=== What to produce ===
Exactly as written, print every line of the listing below and omit its pictures.
BEGIN Exercise data
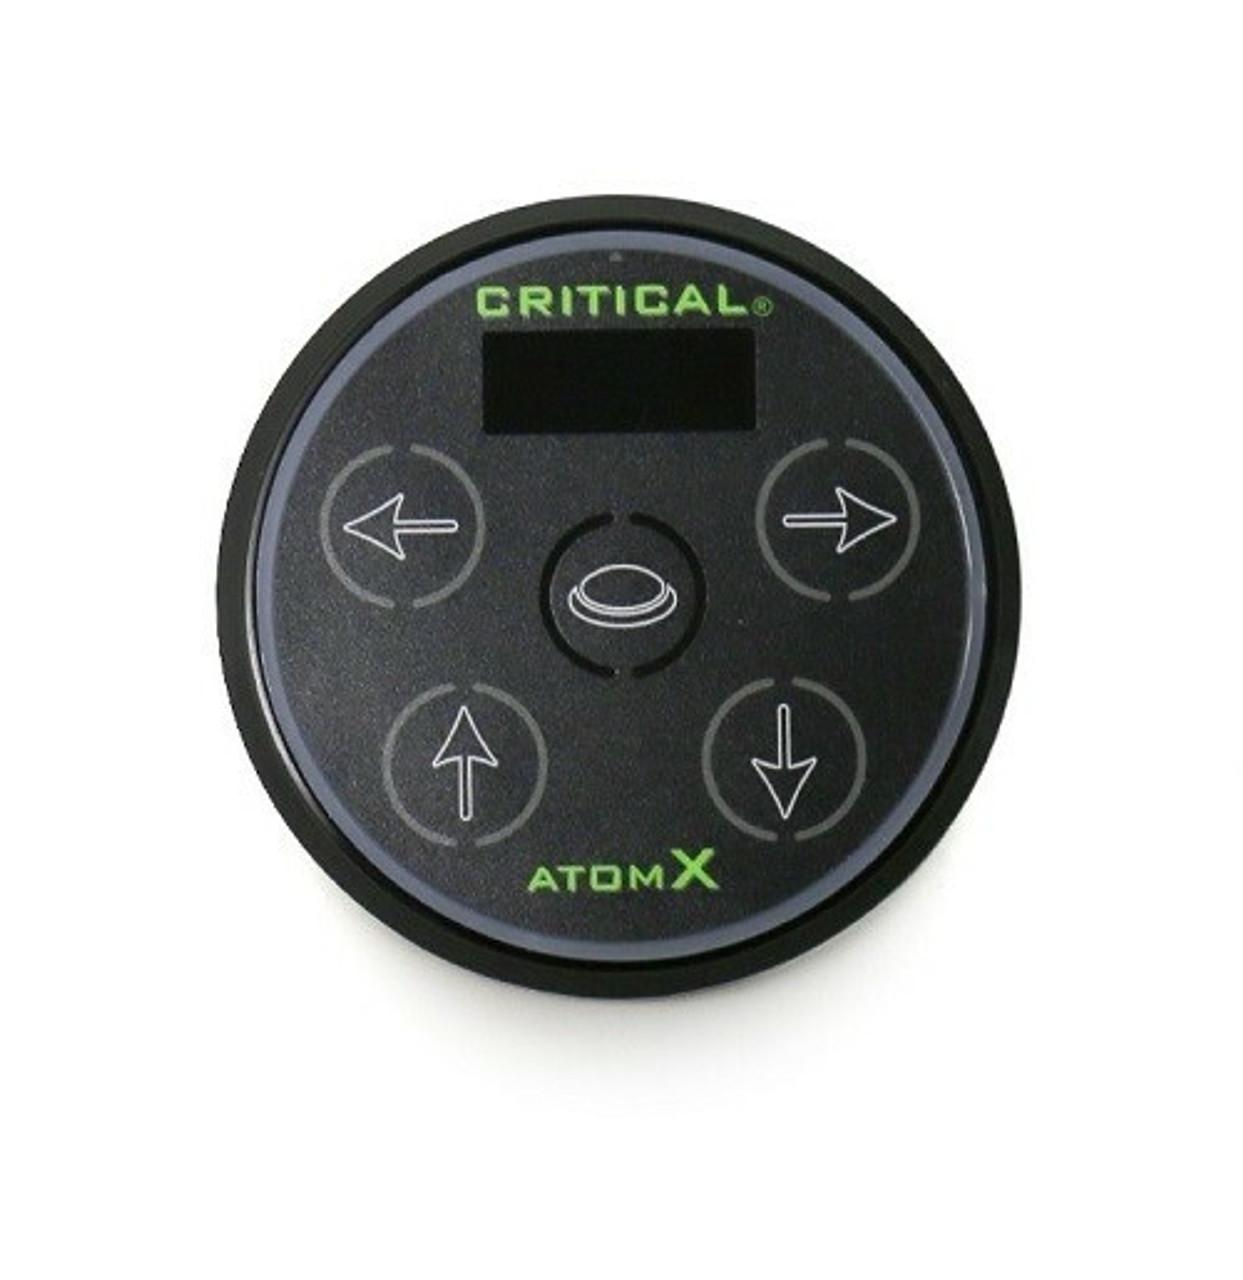 Critical Tattoo Atom X Power Supply - Black - Electrum Supply
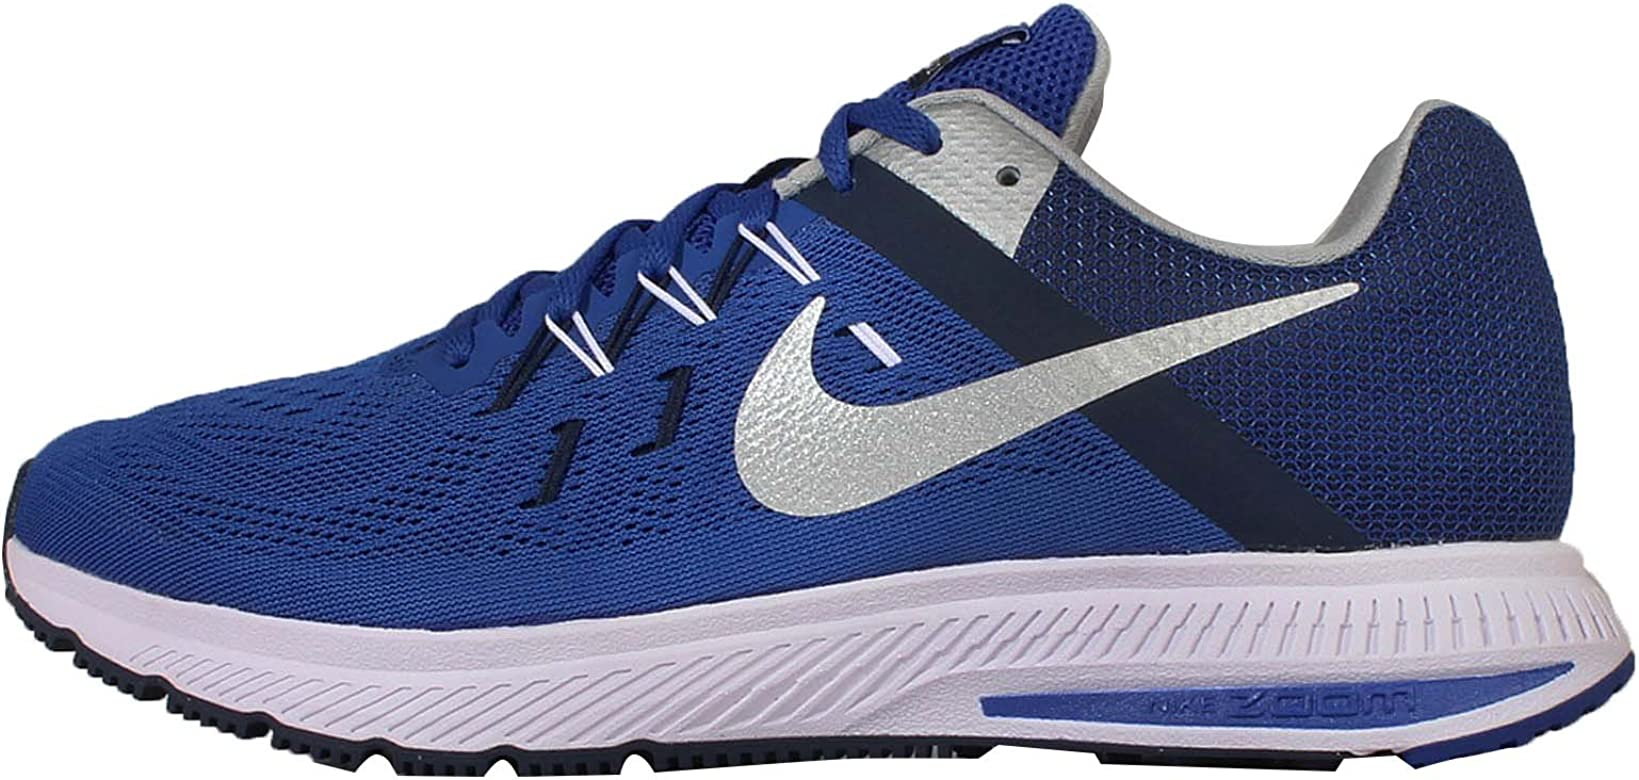 Nike Zoom Winflo 2, Zapatillas de Running para Hombre, Azul/Plata/Azul Marino/Blanco (Rcr Bl/Mtllc Slvr-Mid Nvy-Whit), 40 EU: Amazon.es: Zapatos y complementos
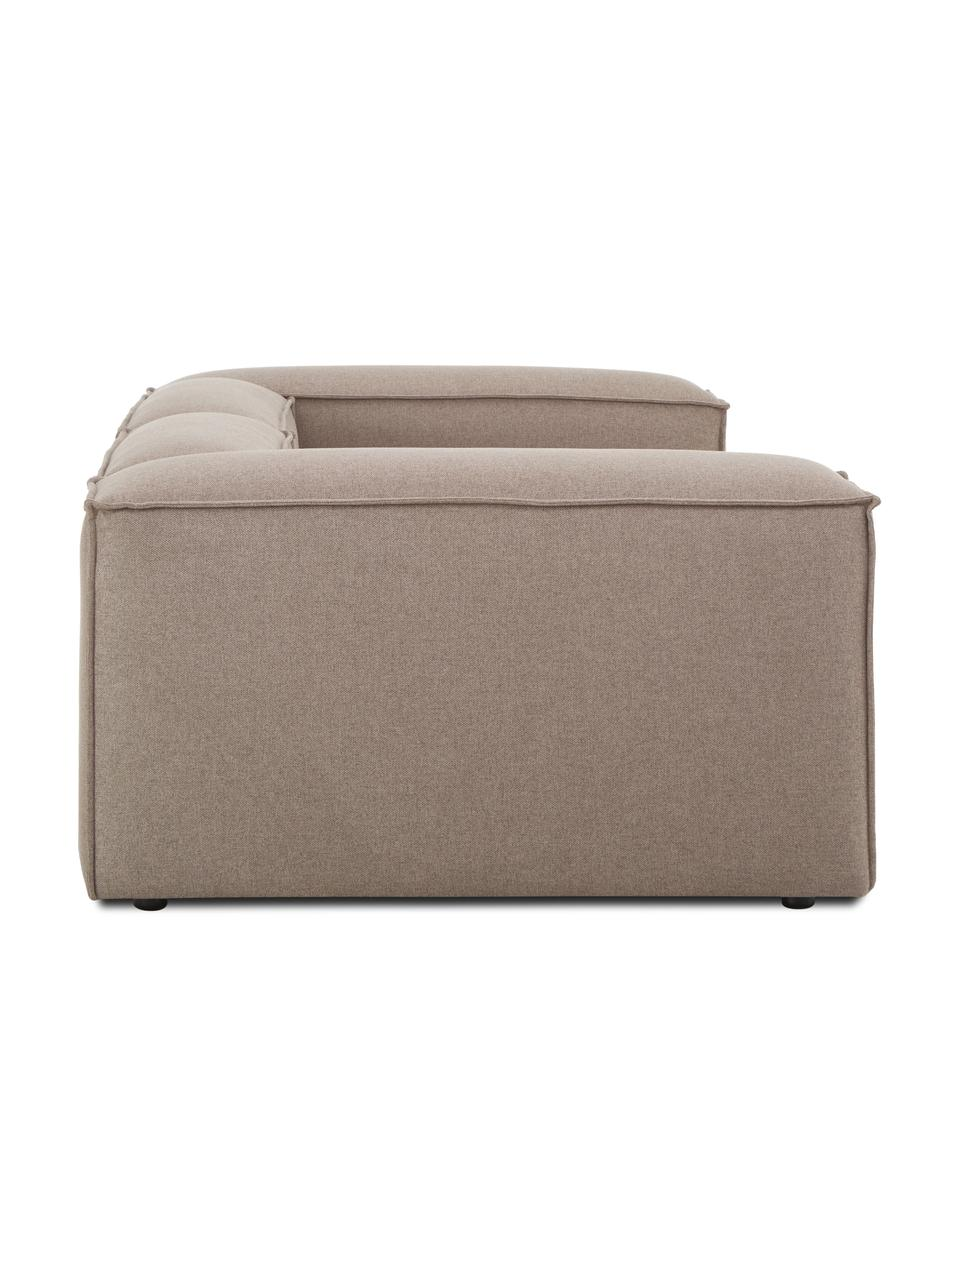 Canapé modulable 3 places tissu brun Lennon, Tissu brun
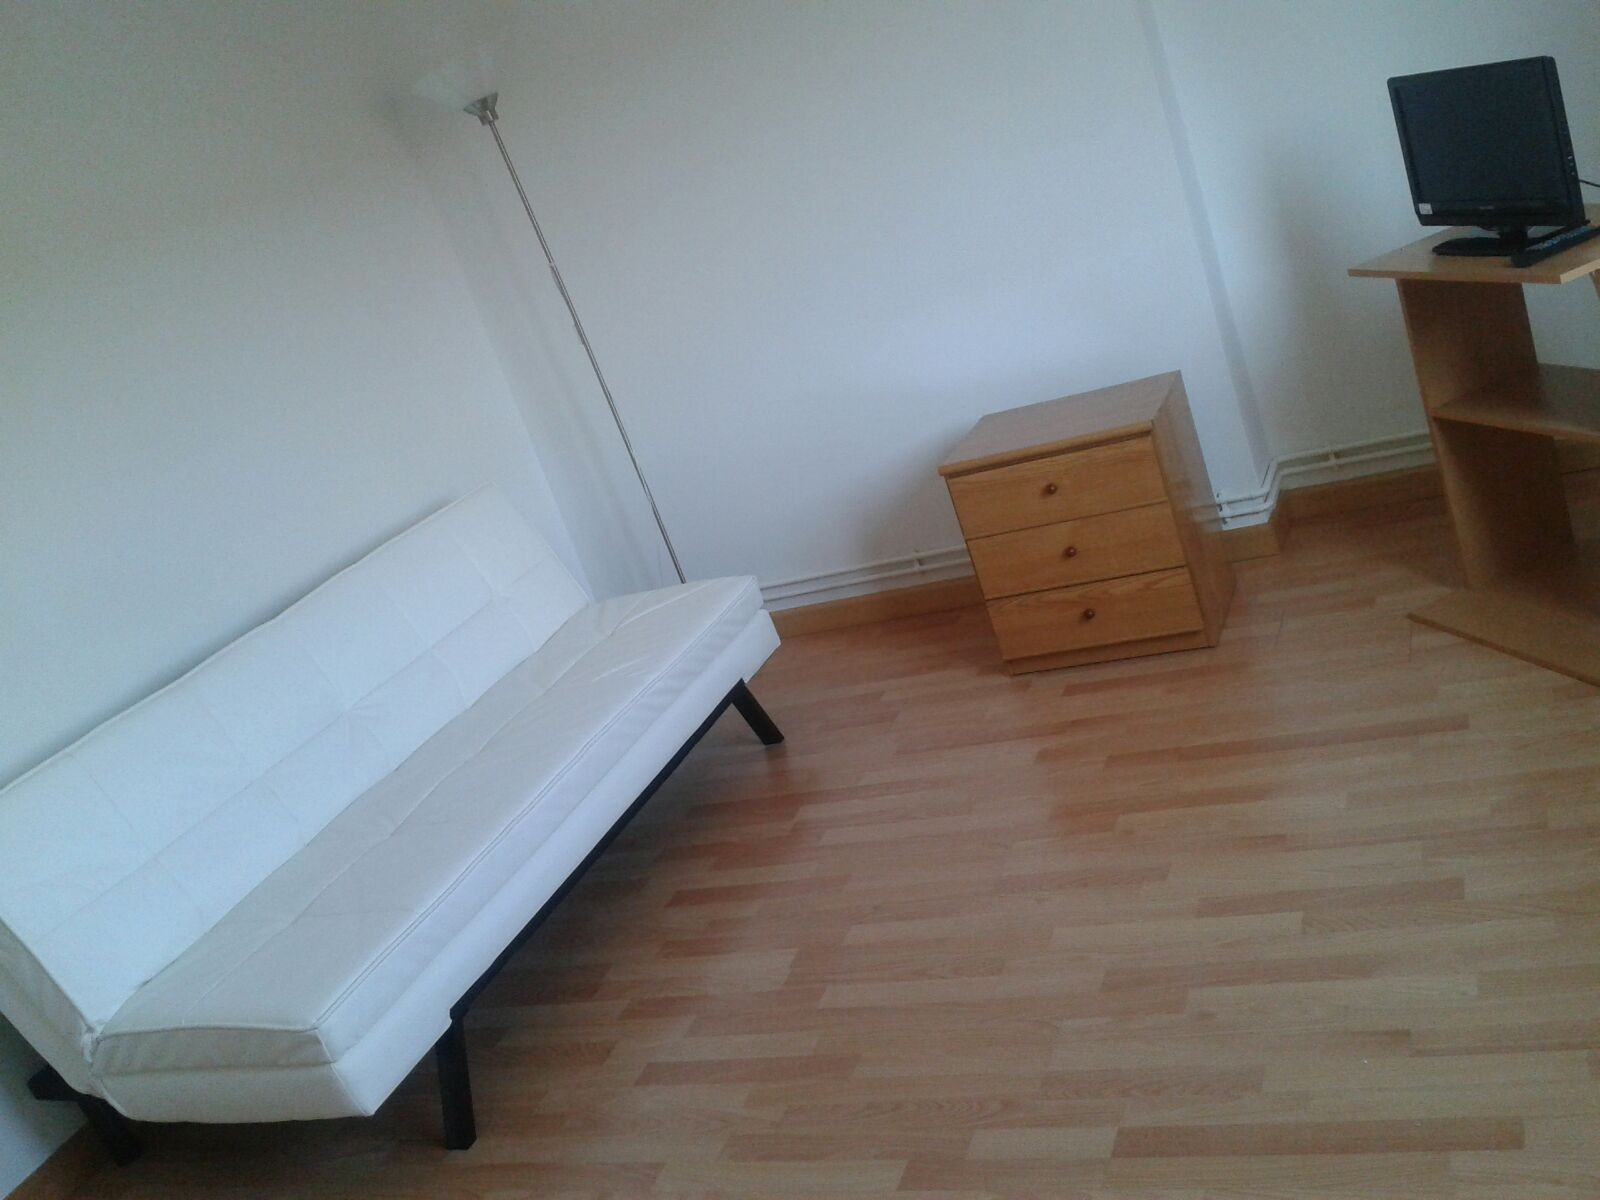 Buscamos compau00f1ero de piso! : Alquiler habitaciones Vitoria
END Exercise data
=== Problem solution ===
 Critical Tattoo Atom X Power Supply - Black - Electrum Supply
 Nike Zoom Winflo 2, Zapatillas de Running para Hombre, Azul/Plata/Azul Marino/Blanco (Rcr Bl/Mtllc Slvr-Mid Nvy-Whit), 40 EU: Amazon.es: Zapatos y complementos
 Canapé modulable 3 places tissu brun Lennon, Tissu brun
 Buscamos compau00f1ero de piso! : Alquiler habitaciones Vitoria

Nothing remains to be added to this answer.